All other genera in the order Rickettsiales are associated with arthropods although many have other diverse hosts. The genus Midichloria has only been found in Ixodidae ticks, and resides inside mitochondria. Bacteria in the genus Neorickettsia are primarily associated with helminths, where they can be transmitted to vertebrates . Wolbachia have been described in only arthropods and nematodes, and most are thought to be vertically transmitted (reviewed in ). Ehrlichia and Anaplasma are horizontally transmitted in arthropods and vertebrates [49, 50] and Orientia are vertically transmitted in mites and can be horizontally transferred to humans [51, 52].
The genus Rickettsia is approximately 150 million years old (Figure 2). Parsimony would suggest that the common ancestor of Rickettsia infected arthropods, and that species in the hydra and torix groups then switched to infect other eukaryotes such as protists, leeches and numerous unidentified hosts (many of which may be protists) (Figures 1 and 3). However, care should be taken with this interpretation, as symbionts of arthropods are more thoroughly sampled than those of other animals. In addition, two patterns call into question the interpretation that the ancestral state was arthropod infection. First, the genome sequence of R. bellii includes many genes that are more related to other amoeba symbionts than to other Rickettsia . This is compatible with an ancestor of R. bellii infecting amoebas and exchanging genes with other amoebal symbionts. Second, of the arthropod hosts within the torix group (three Diptera and a booklouse), all of the Dipteran hosts have larval stages that feed on aquatic microbiota, with the other hosts within the group also being aquatic. Although host switching could occur in either direction, transmission from protist to arthropod is more intuitive given that the related genus Neorickettsia is transmitted between hosts through ingestion . Further sampling of other eukaryotic hosts may resolve the question of the ancestral state.

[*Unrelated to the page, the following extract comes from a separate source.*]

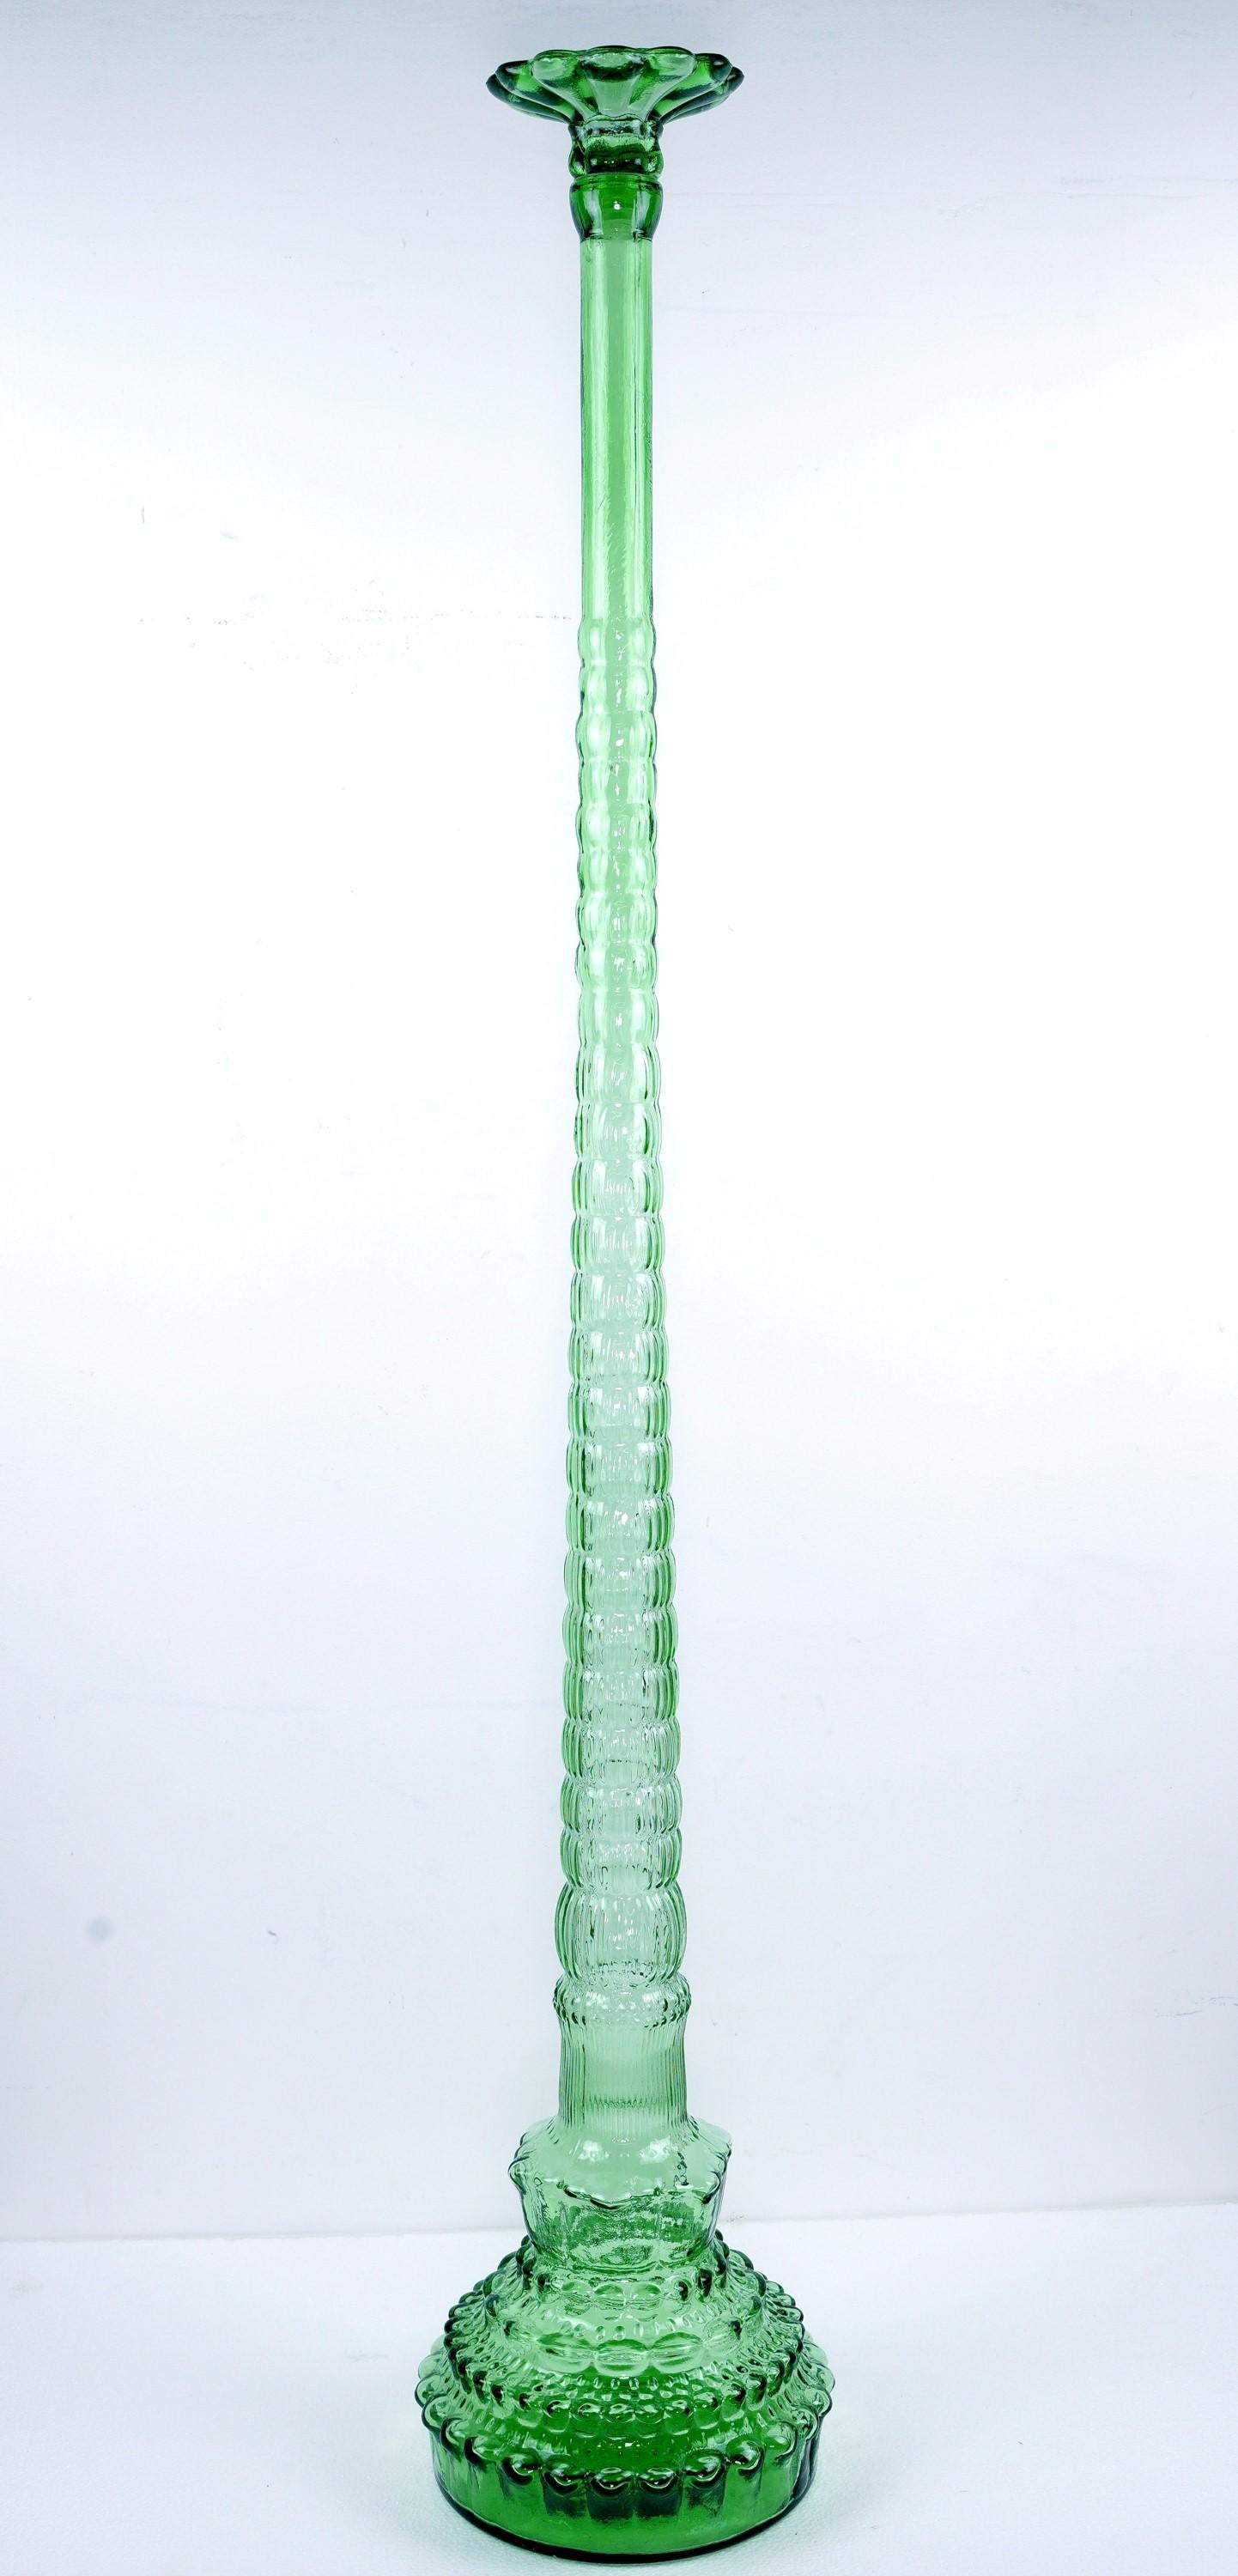 20th century Mid-Century Modern emerald colored green art glass bottle or vase done in a raised bubble pattern. Please note, this item is located in our Scranton, PA location.

Regardless of this, we have shown that the remaining clade of Rickettsia (i.e. those not in the hydra or torix groups) all have associations with arthropods; either as the only known host or in conjunction with a vertebrate or plant host (Figure 1). The rhizobius and meloidae groups, which all infect beetles, diverged from the other taxa early in the evolution of this clade. There was then a rapid radiation about 50 million years ago that led to most of the strains we know of. This includes the bellii group, which is probably the largest group of arthropod Rickettsia as it contains all but three strains from the worldwide sample. This sample includes both a diverse array of arthropods (it rarely includes the same host genus twice), and it will tend to pick up high prevalence infections (only a single specimen of each host species was tested).
Our results show clearly that switching between arthropod hosts has been a common feature of Rickettsia evolution. Within the genus, closely related bacteria sometimes infect different host phyla and classes (Figure 1), but the genus arose long after the major arthropod orders diverged  (Figure 2). However, the host phylogeny is not entirely unrelated to the bacterial phylogeny, and there are many cases of related Rickettsia strains infecting related hosts. In the case of many mutualistic symbionts, the bacterial phylogeny precisely mirrors the host phylogeny, indicating that the bacteria and host have co-speciated . However, this is not the case in the Rickettsia. Even in the adalia group, where a group of related bacteria all infect related hosts, the host and bacterial phylogenies are different. Therefore, Rickettsia symbioses are short-lived on an evolutionary scale, which is consistent with most of these infections being parasitic.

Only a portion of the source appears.